• **Work order**: Transcribe word for word the section of the records below that opens with the line containing "Vogelhaus - birdhouse" and closes with the line containing "15 10 13 - 19h"; drop every picture.

*** Material supplied Section Begins ***

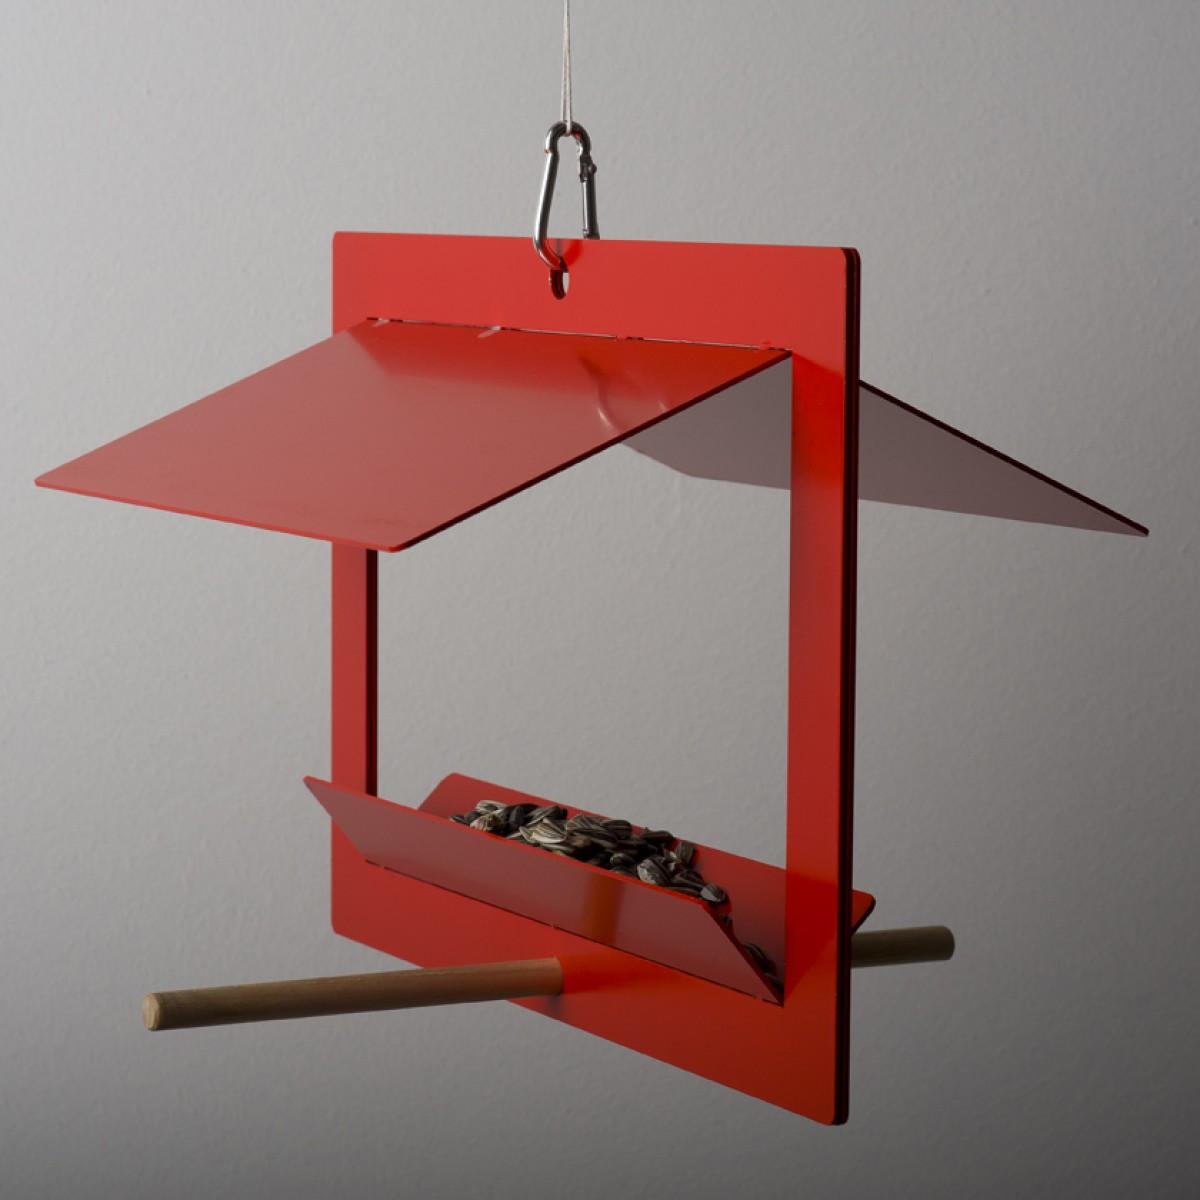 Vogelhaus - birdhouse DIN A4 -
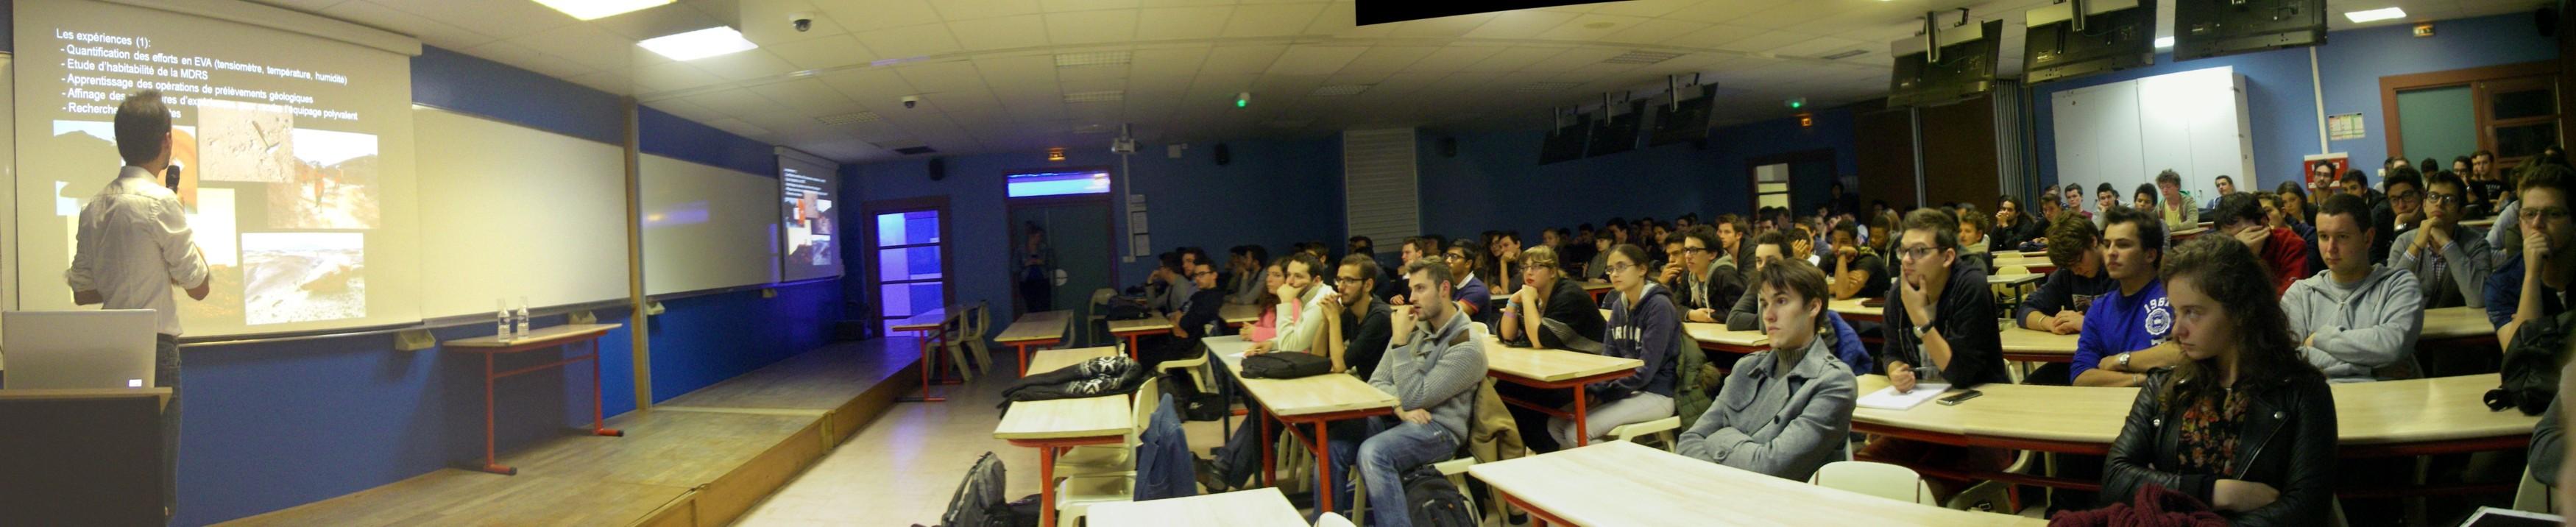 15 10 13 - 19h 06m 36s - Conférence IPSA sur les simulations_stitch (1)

*** Material supplied Section Ends ***
*** Material supplied Section Begins ***

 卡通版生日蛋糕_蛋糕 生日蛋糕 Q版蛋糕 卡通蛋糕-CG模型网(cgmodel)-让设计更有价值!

*** Material supplied Section Ends ***
*** Material supplied Section Begins ***

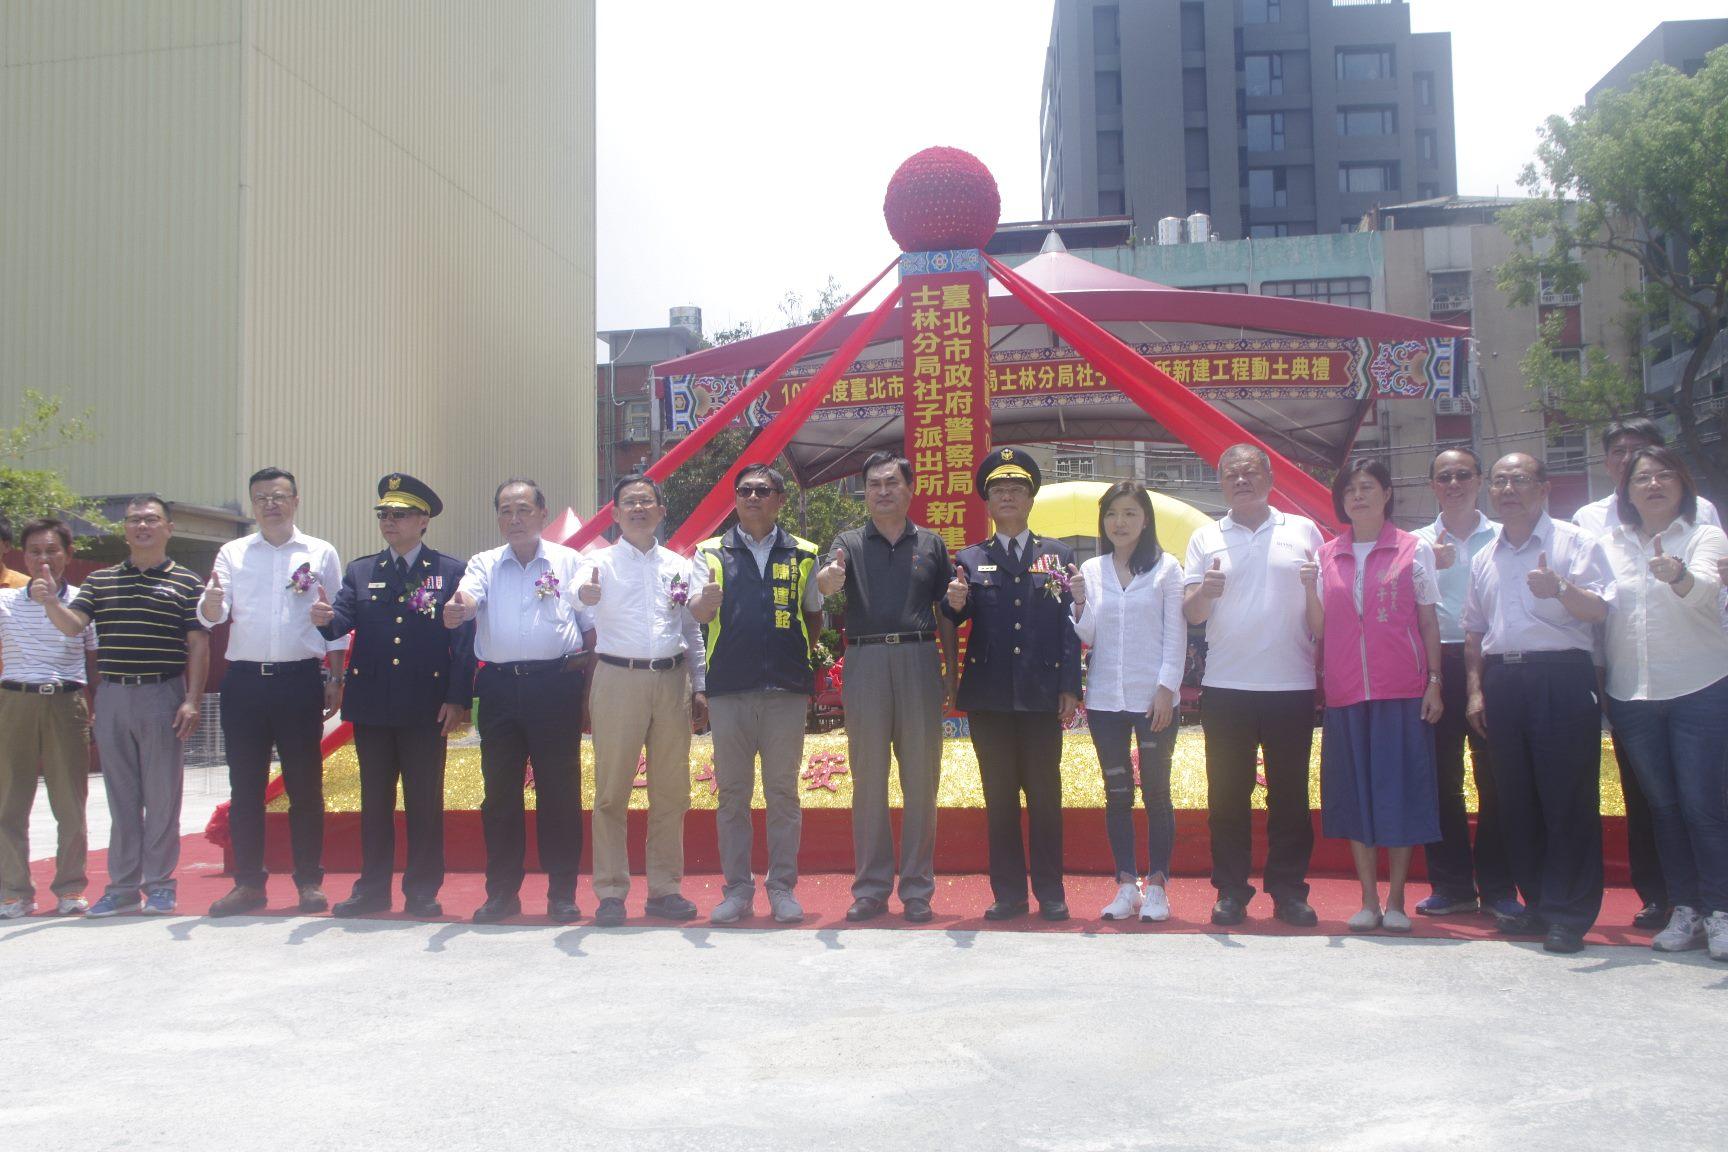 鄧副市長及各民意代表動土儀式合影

*** Material supplied Section Ends ***

• **Result of this exercise**:
 Vogelhaus - birdhouse DIN A4 -
 15 10 13 - 19h 06m 36s - Conférence IPSA sur les simulations_stitch (1)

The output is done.